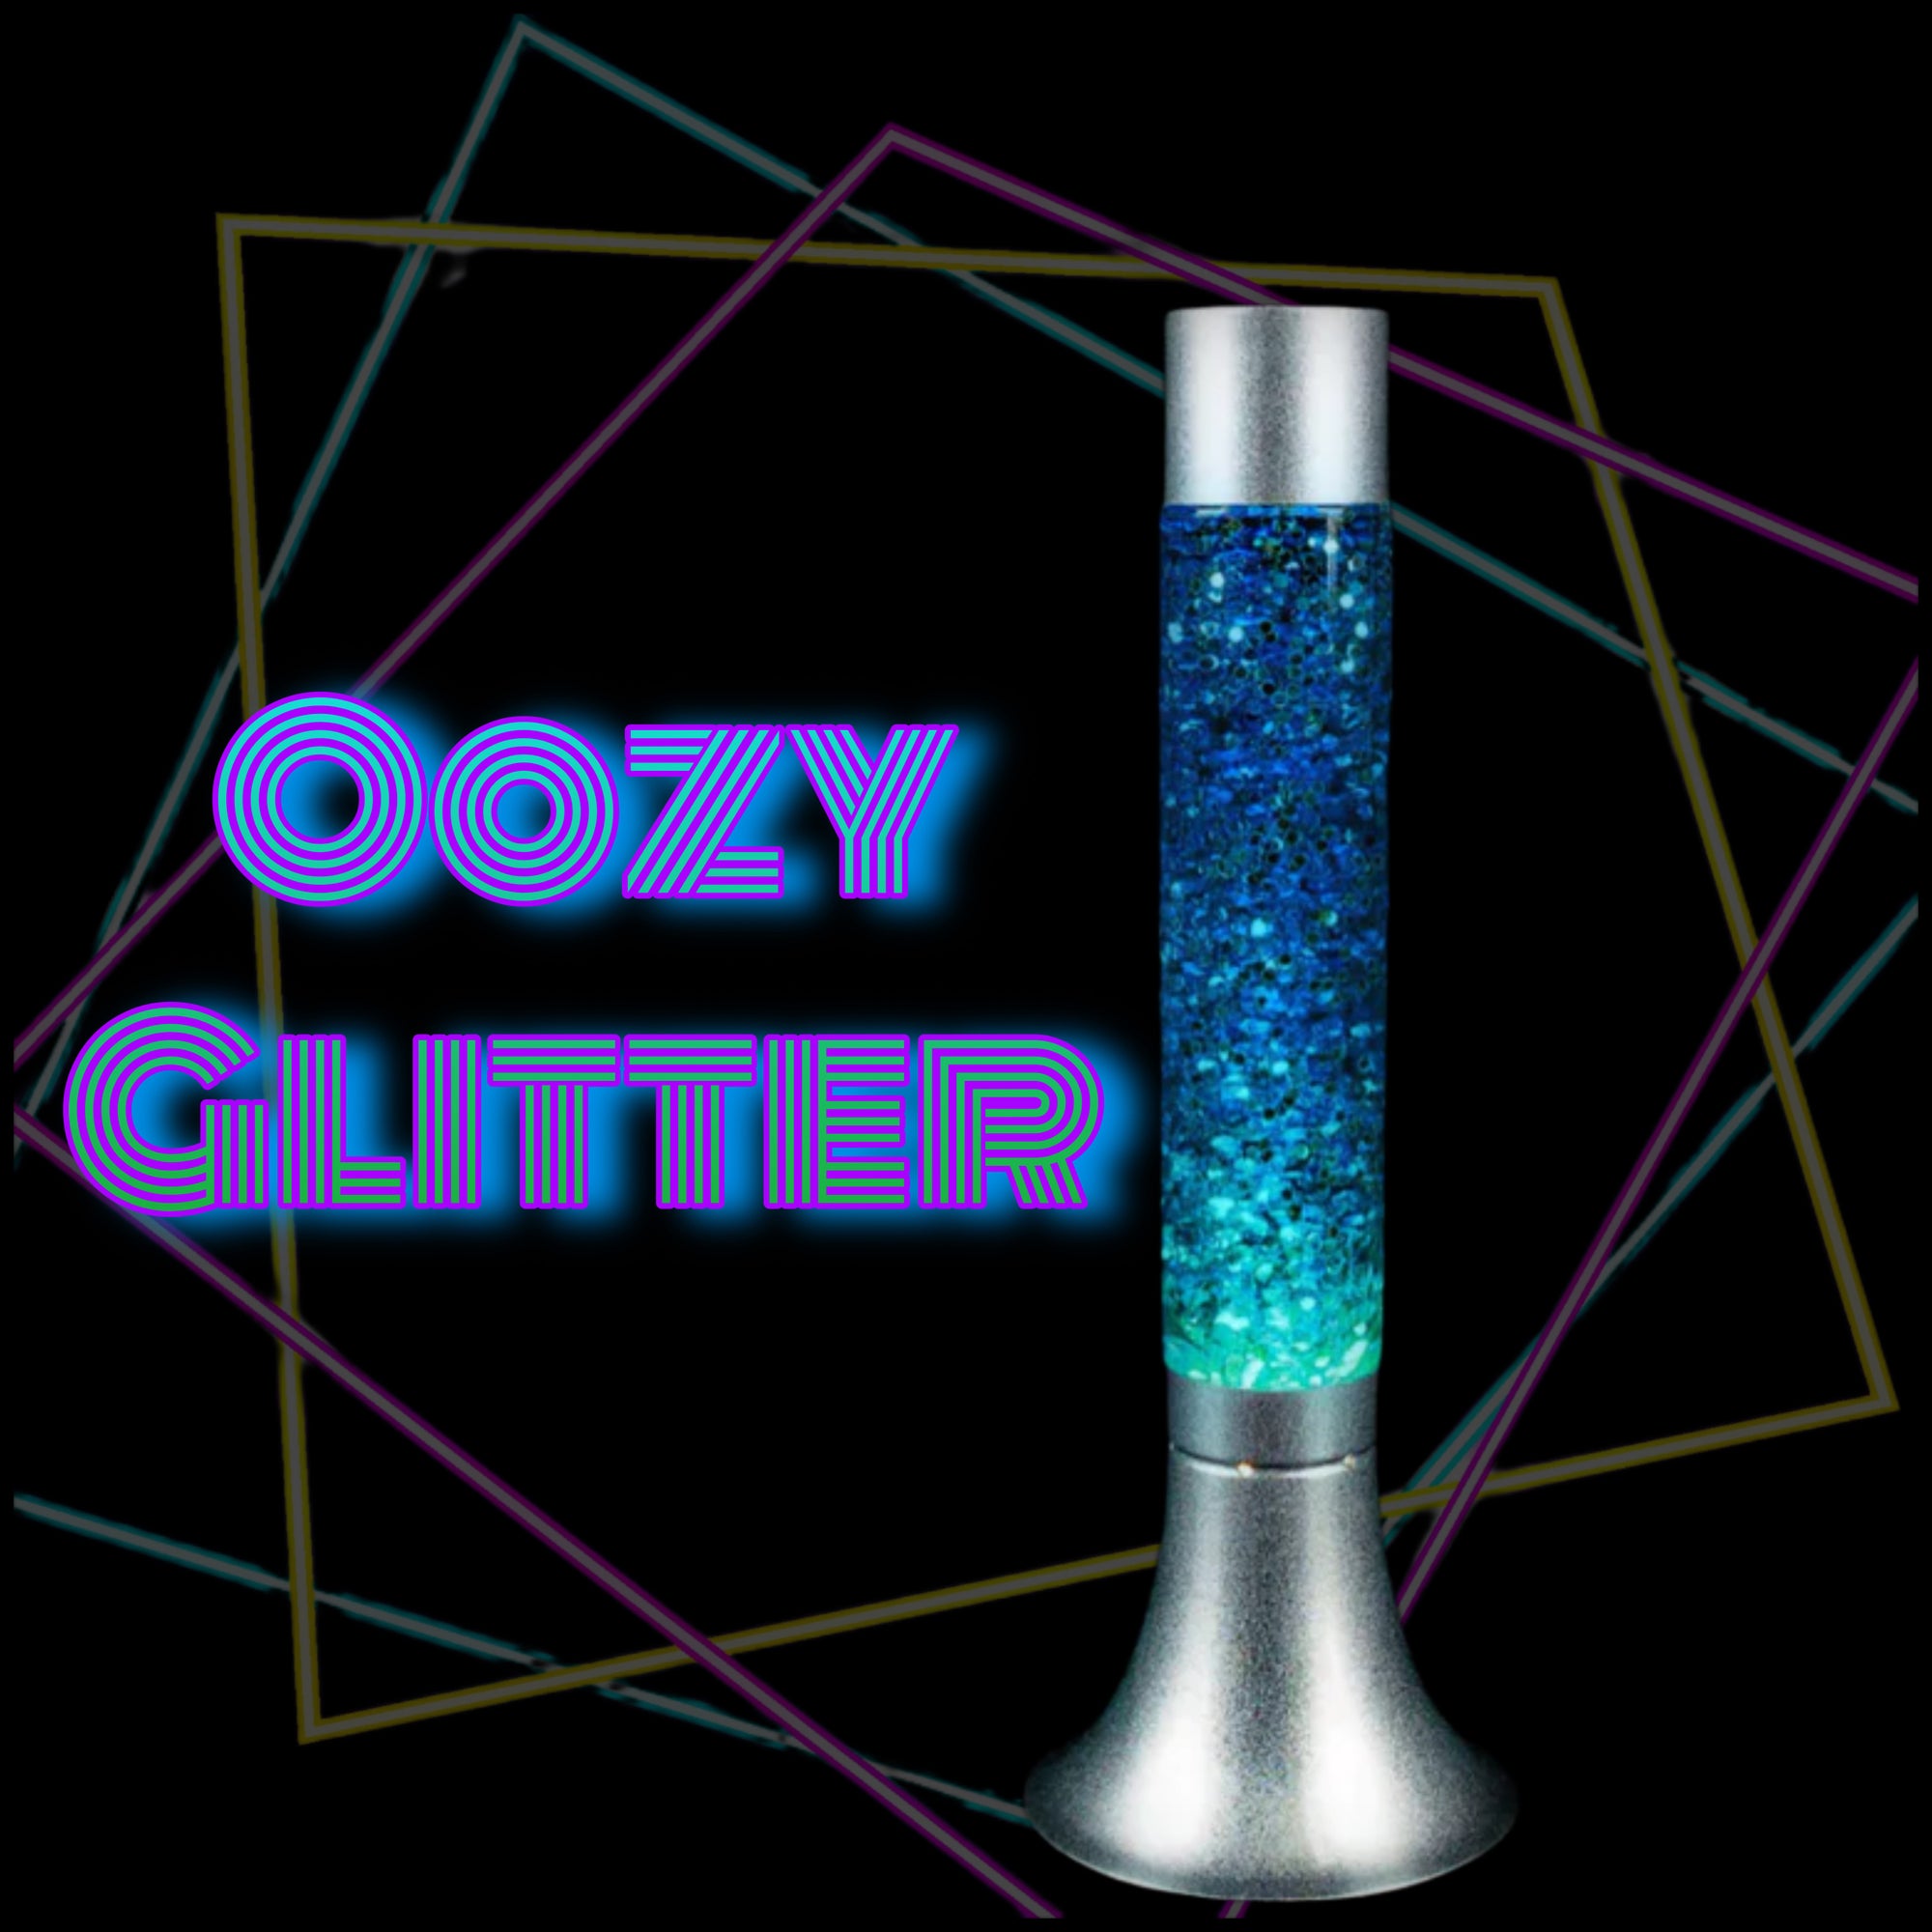 oozy glo glitter lamp
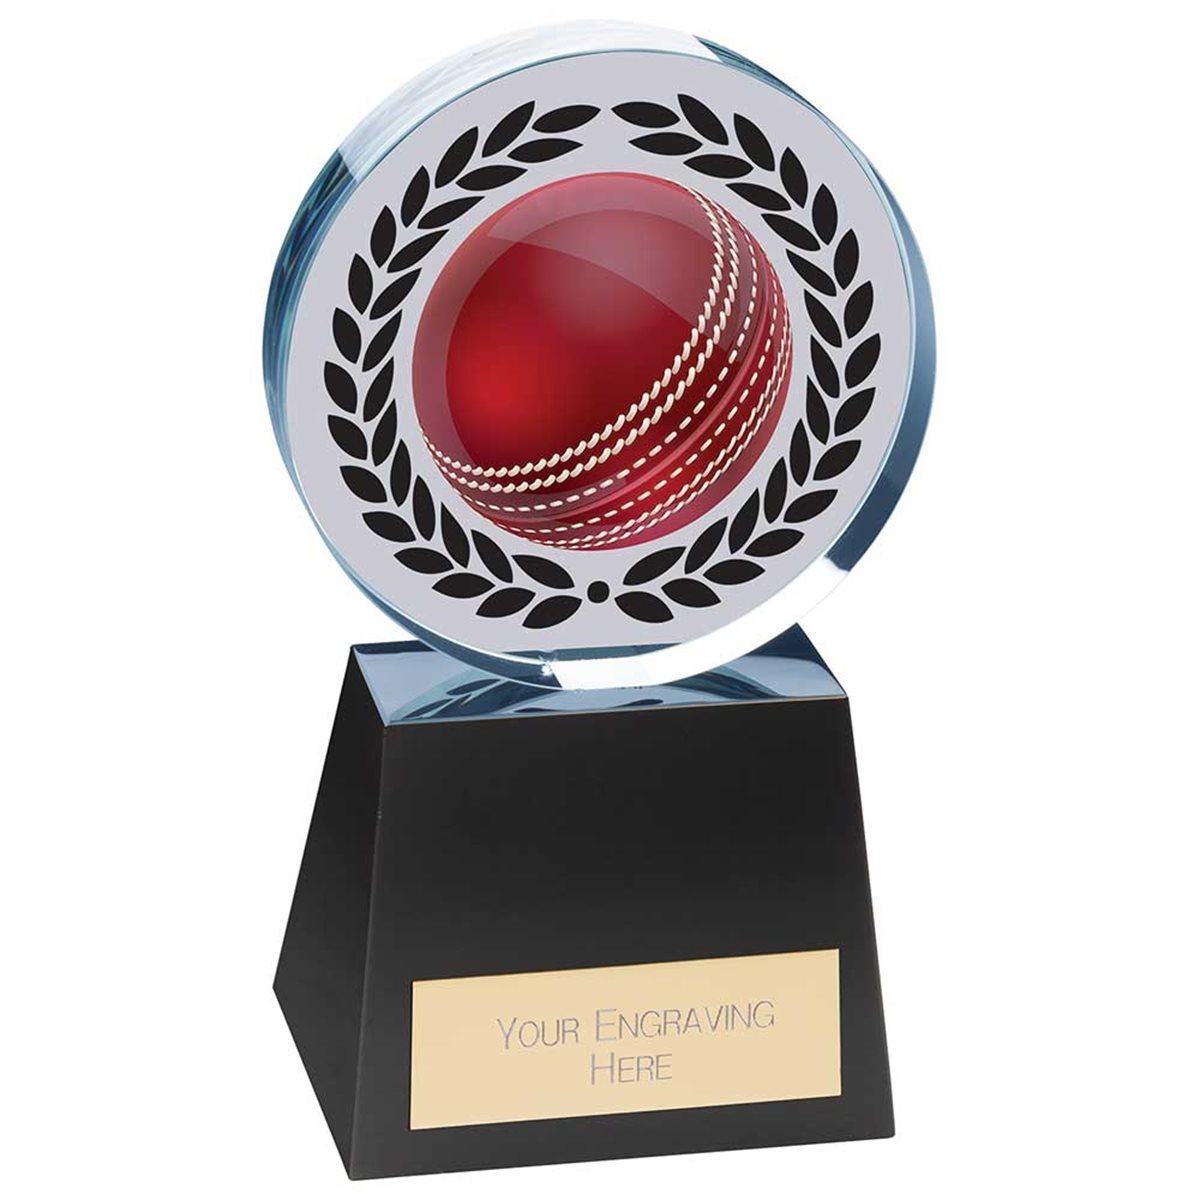 Emperor Cricket Glass Award CR24343
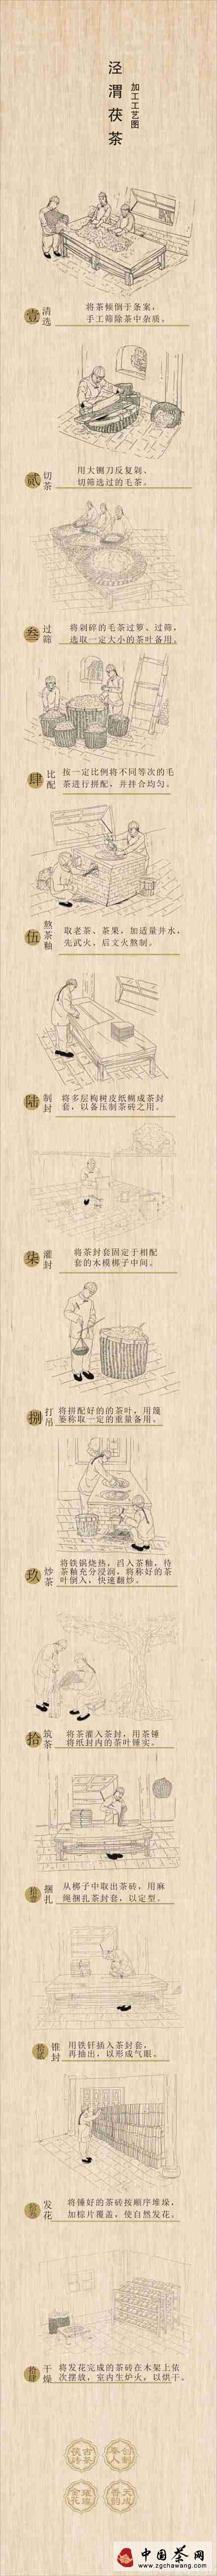 泾渭茯茶工艺图

#### [EXERCISE AIM]
All of the lines above should be retyped precisely, apart from the pictures.

#### [ANSWER BELOW]
 oozy glo glitter lamp
 Emperor Cricket Glass Award CR24343
 泾渭茯茶工艺图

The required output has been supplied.